Over the last decade,
tuition has more than doubled because of budget cuts.  The Star Tribune reports, "Tuition at the U has doubled this decade,
raising student debt levels and parents’ anxiety along with it.  For the second budget in a row,
revenues from tuition will exceed those from the state." [Star Tribune, June
10, 2010]

and students should be even more concerned with how higher education will look
under Tom Emmer.  When asked about
how he would assist students so that they don’t graduate with $50,000 in debt
he said that they are on their own.

"I’m reminded that
I paid my own way. I paid my own my way through college and did it myself. A
lot of you are doing the same thing. It took me until my early thirties to pay
off the loans that I did have to take for law school. Partly it’s your
responsibility. I will tell you that right up front. You need to take control
of your destiny.
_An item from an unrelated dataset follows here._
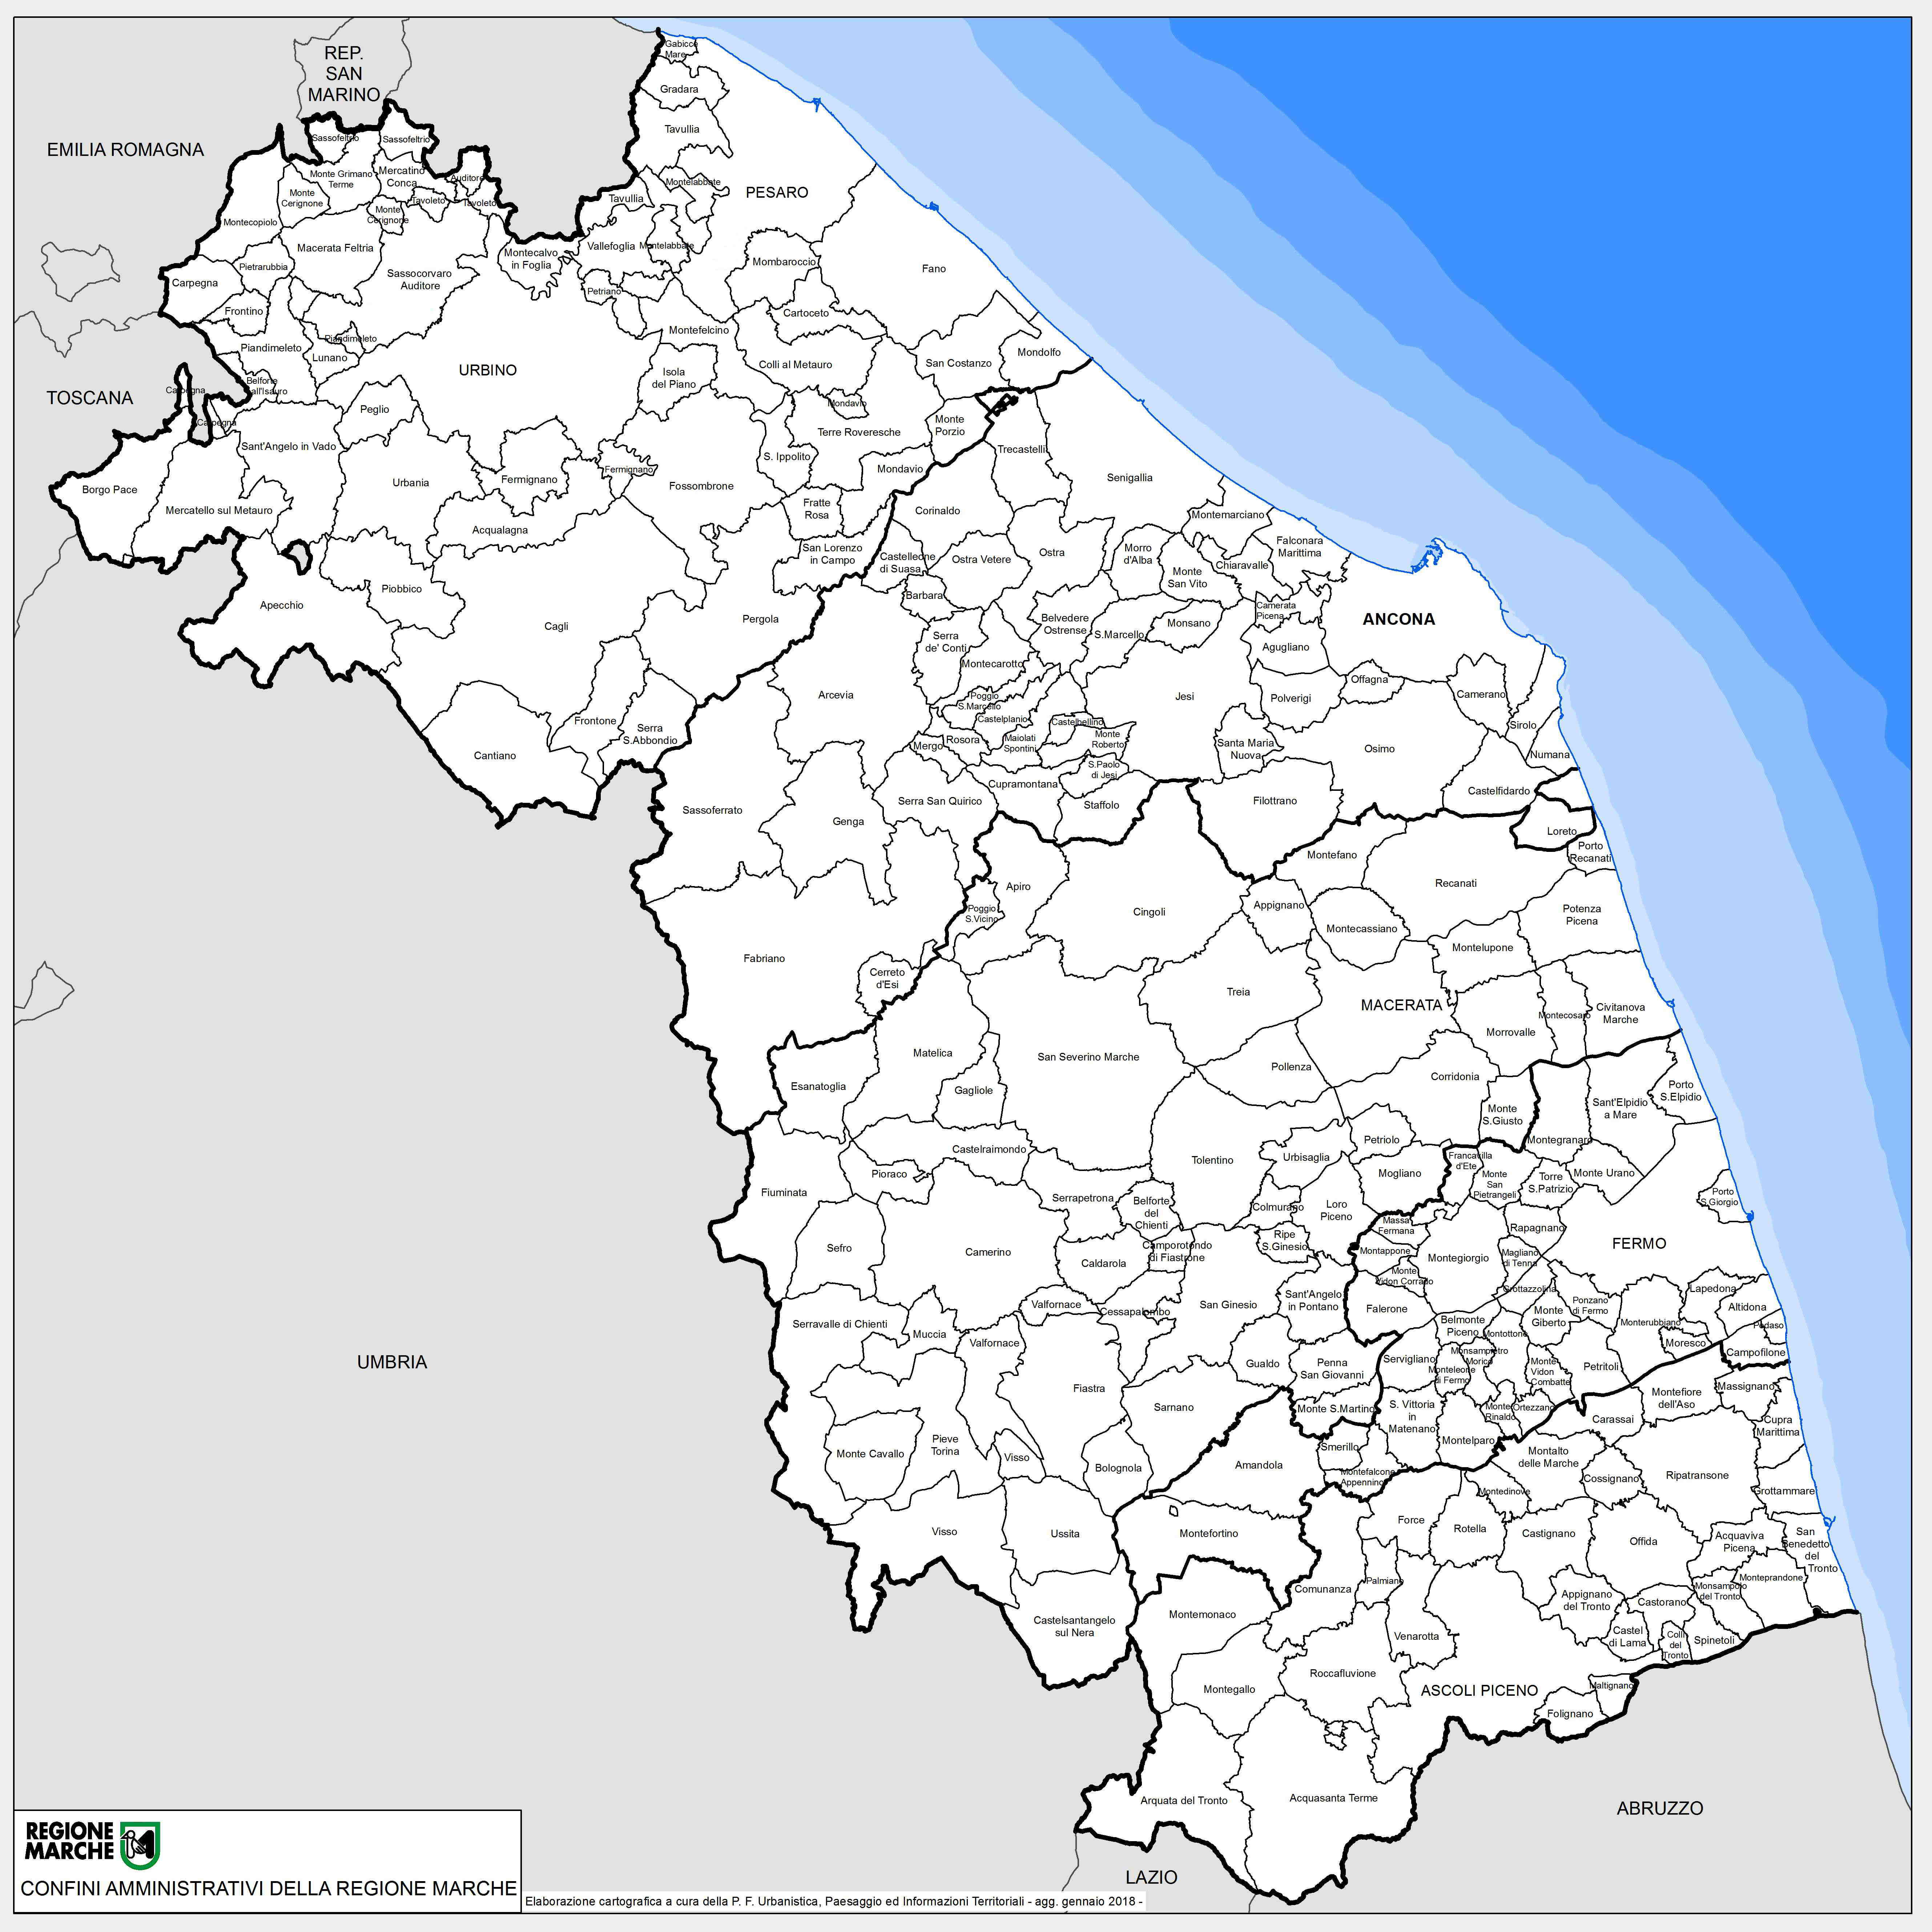 Marche Cartina Stradale.Regione Marche Regione Utile Paesaggio Territorio Urbanistica Genio Civile Cartografia E Informazioni Territoriali Repertorio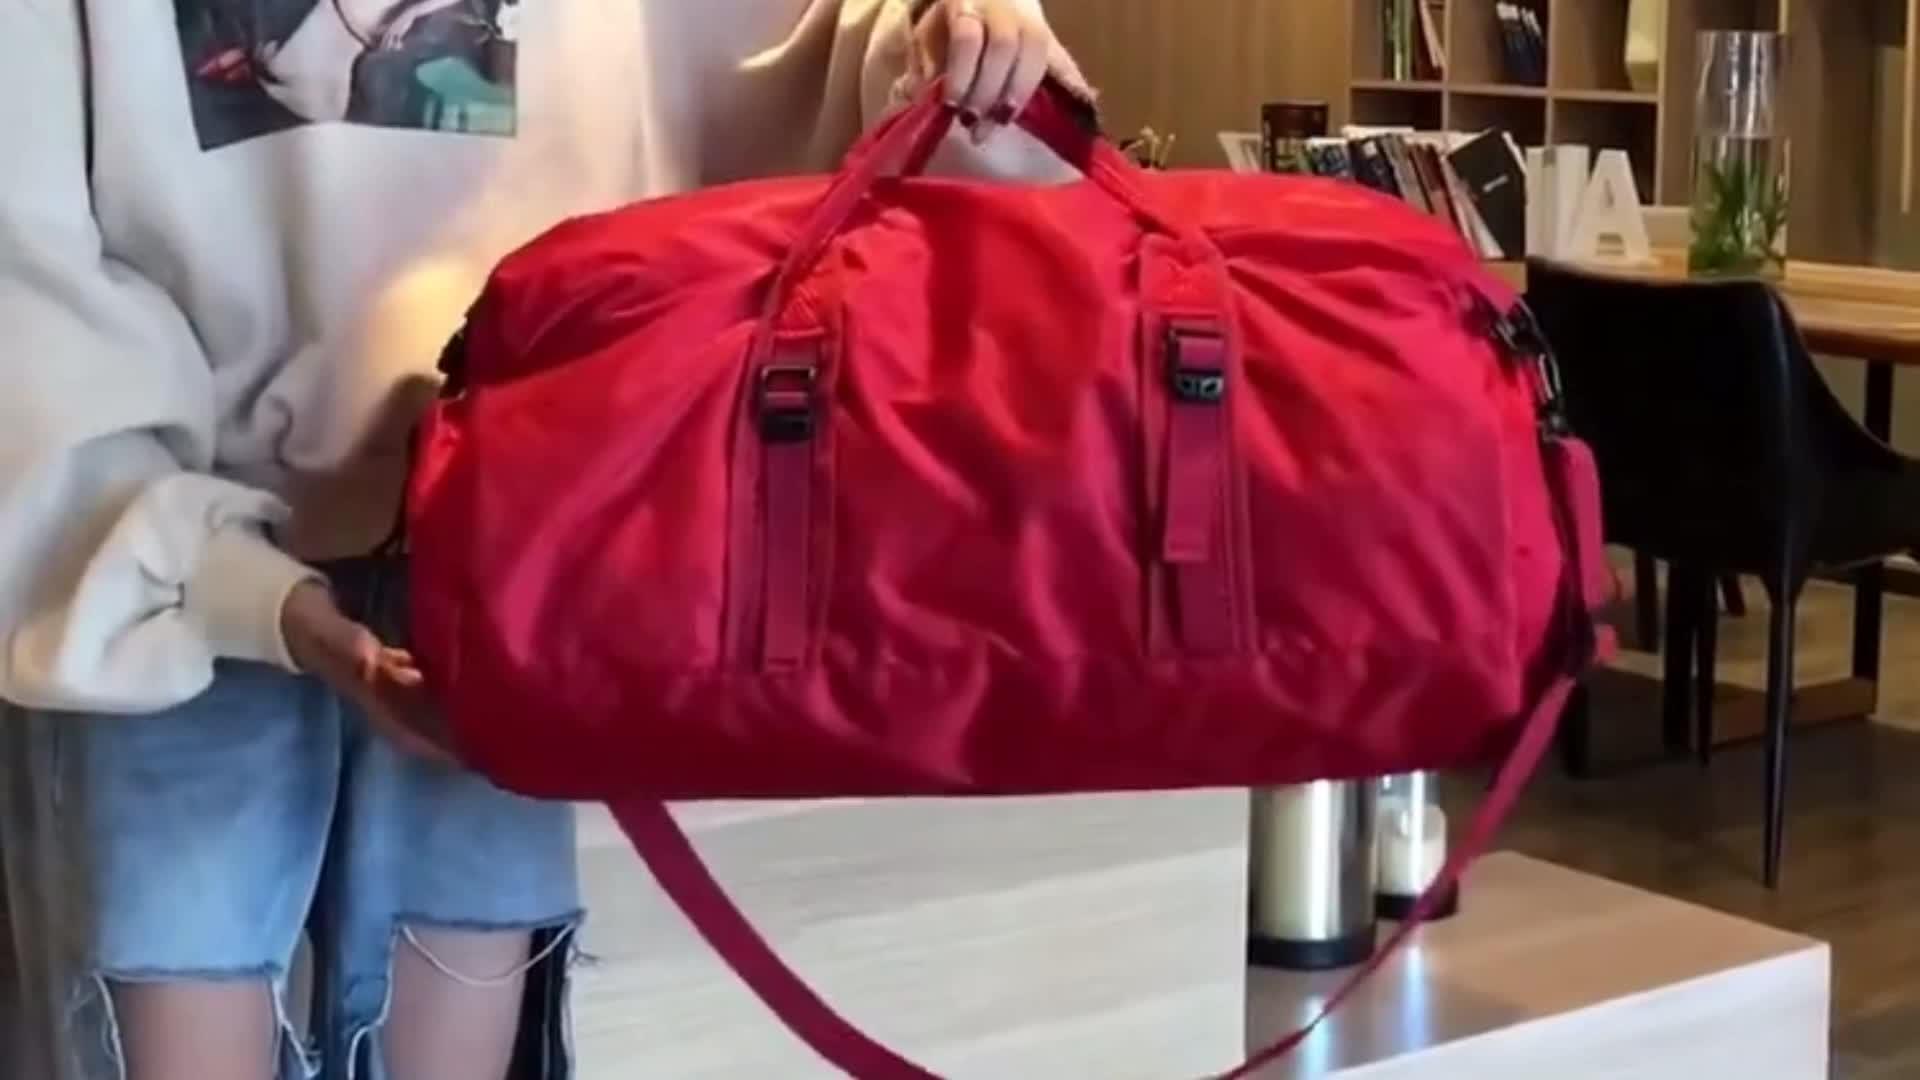 Chine Voyage Sport Gym Bagages personnalisé sacs de sport, Nouveau style mode extra-large sac de voyage étanche

You need to be responsible for it.” [MPR,
September 15, 2010]

This plan will have consequence for the state’s
economy and future economic growth. 
By continuing the disinvestment in higher education, the state will fail
to train the graduates it needs to compete in the 21st century

In entirely overlooking higher education, the
Republican gubernatorial candidate has also overlooked the strong connection
between a college degree and job creation, which he talks about a lot. Most
students no longer leave high school with all the skills they need to begin a career
and require further education before entering the workforce.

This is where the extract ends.